Quote word for word from the line holding "Saudi Arabia Enterprise" to the last line below, including both, and omit any pictures.

SUPPLIED INFORMATION>
□ □ □ □
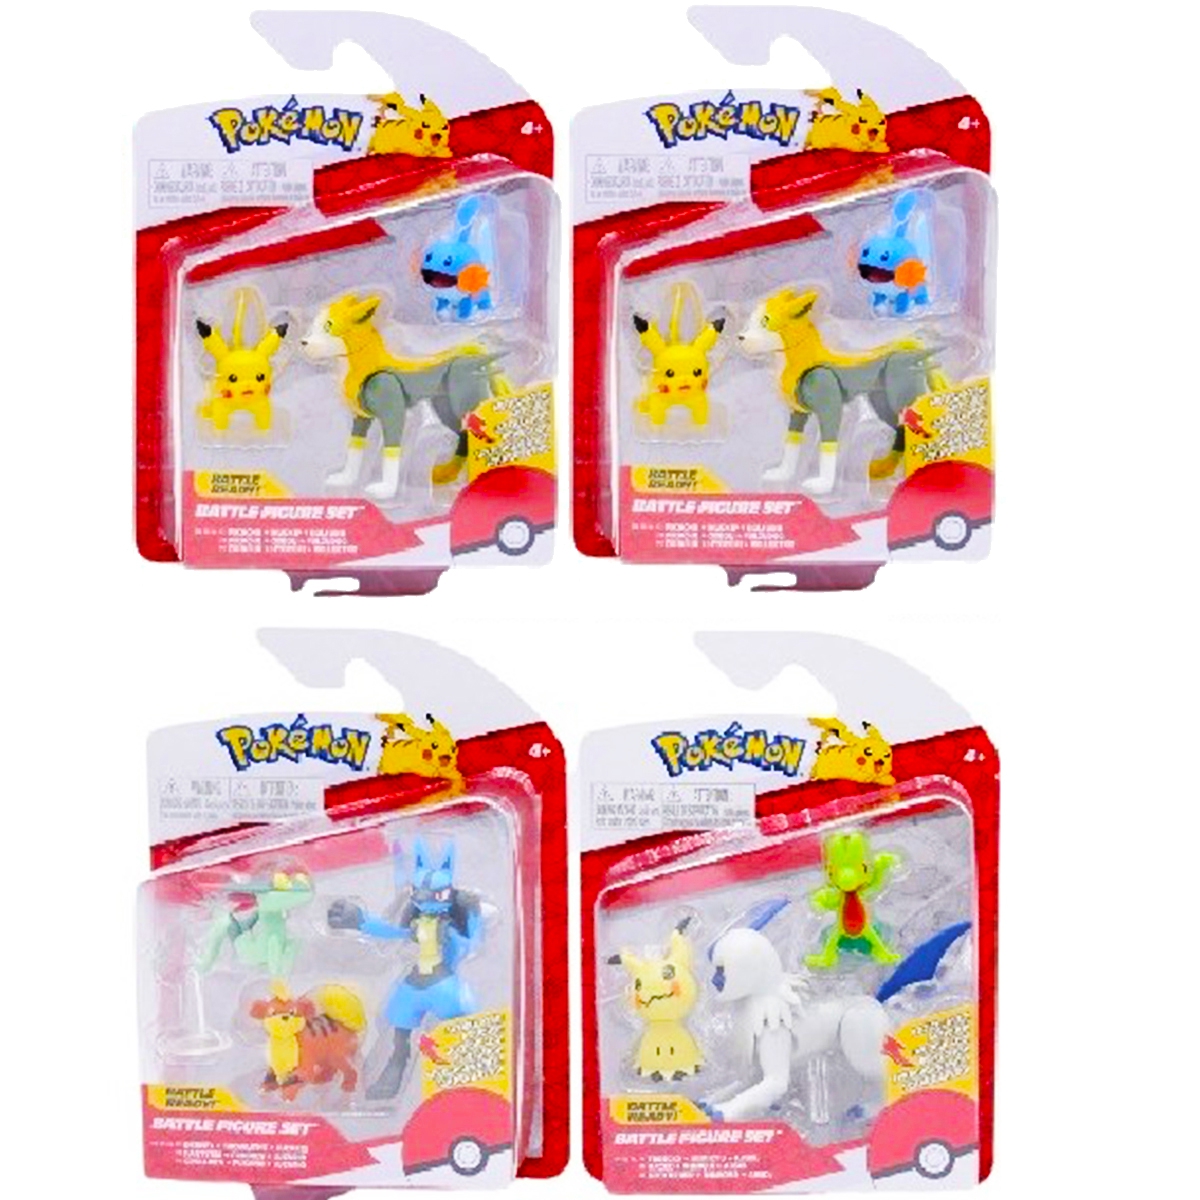 https://www.dstrib.com/images/produits/maxi/6791-pokemon-figurine-lot-de-4-battle-figurine-set-serie-12-fulgudog-x2-lucario-absol.jpg
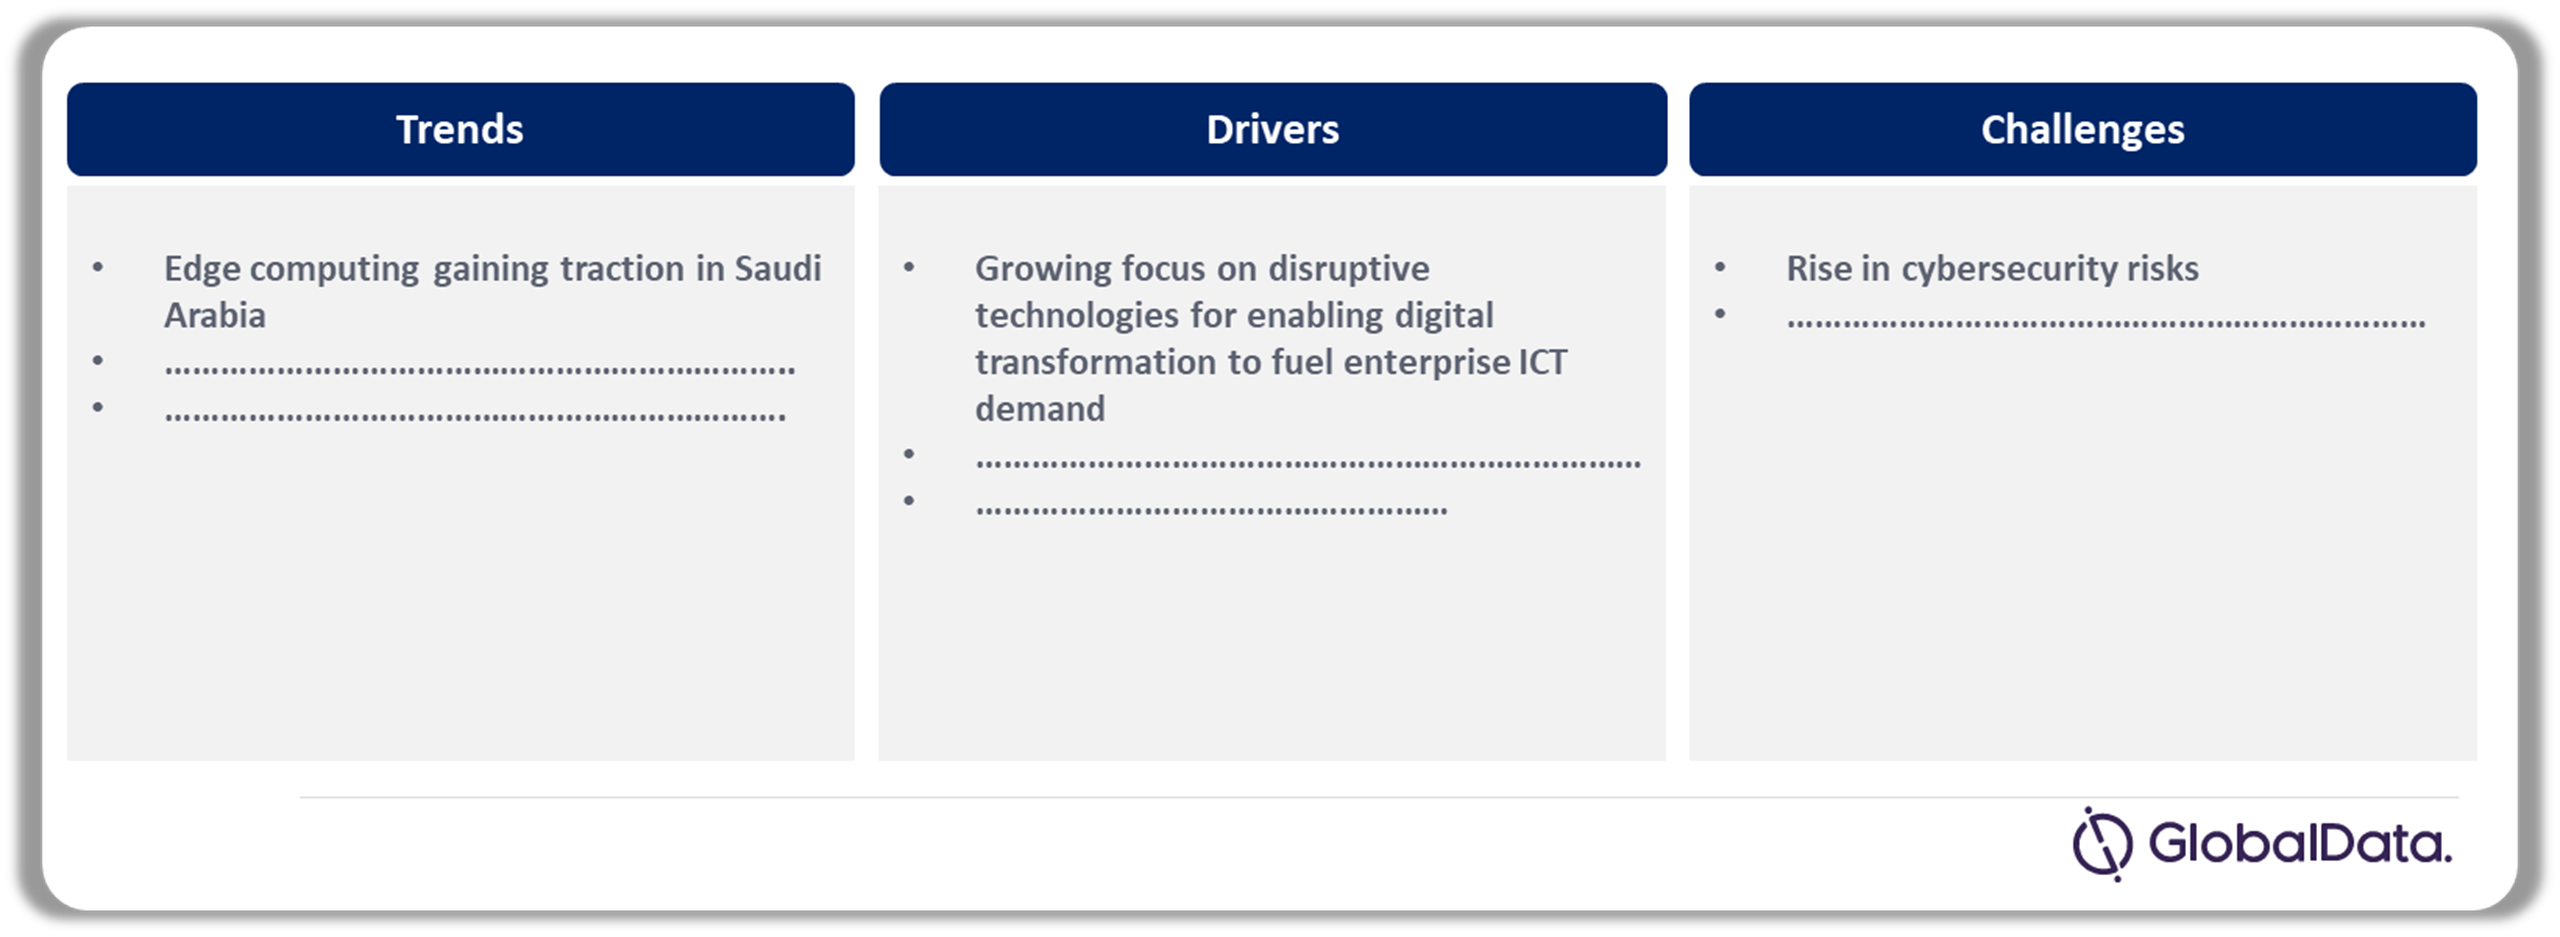 Saudi Arabia Enterprise ICT Market Dynamics – Drivers, Trends and Challenges
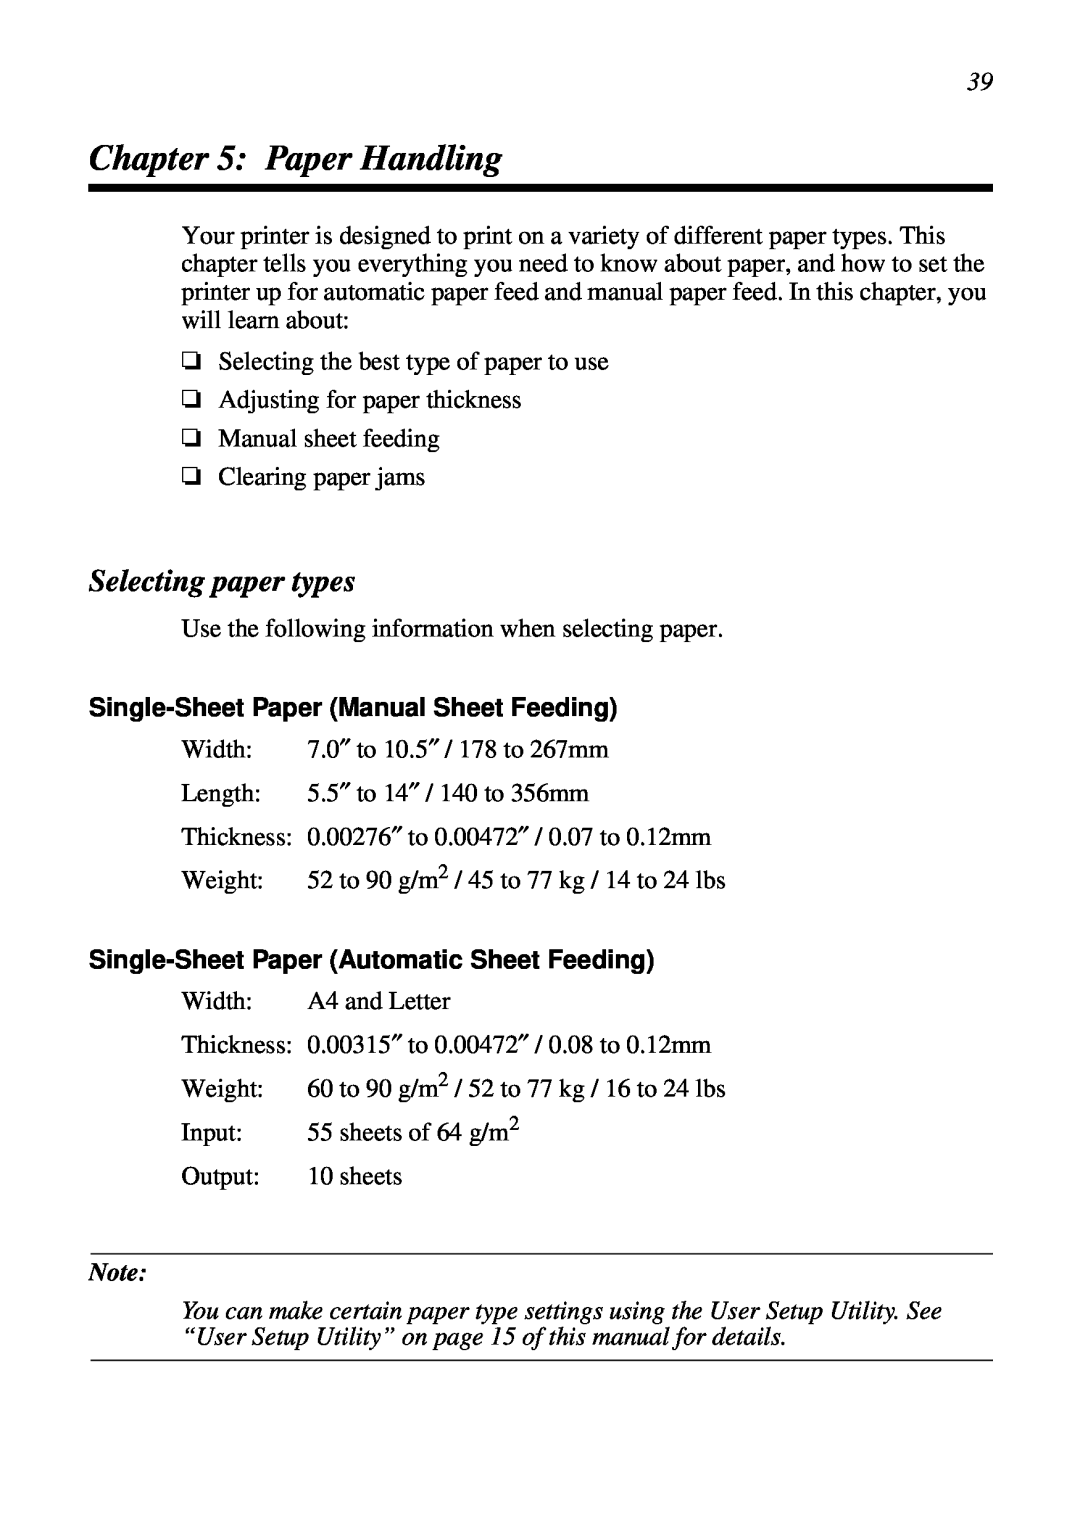 Star Micronics NX-2460C user manual Paper Handling, Selecting paper types
□ □ □ □
ANSWER TO THE PROBLEM>
 Saudi Arabia Enterprise ICT Market Dynamics – Drivers, Trends and Challenges
 Star Micronics NX-2460C user manual Paper Handling, Selecting paper types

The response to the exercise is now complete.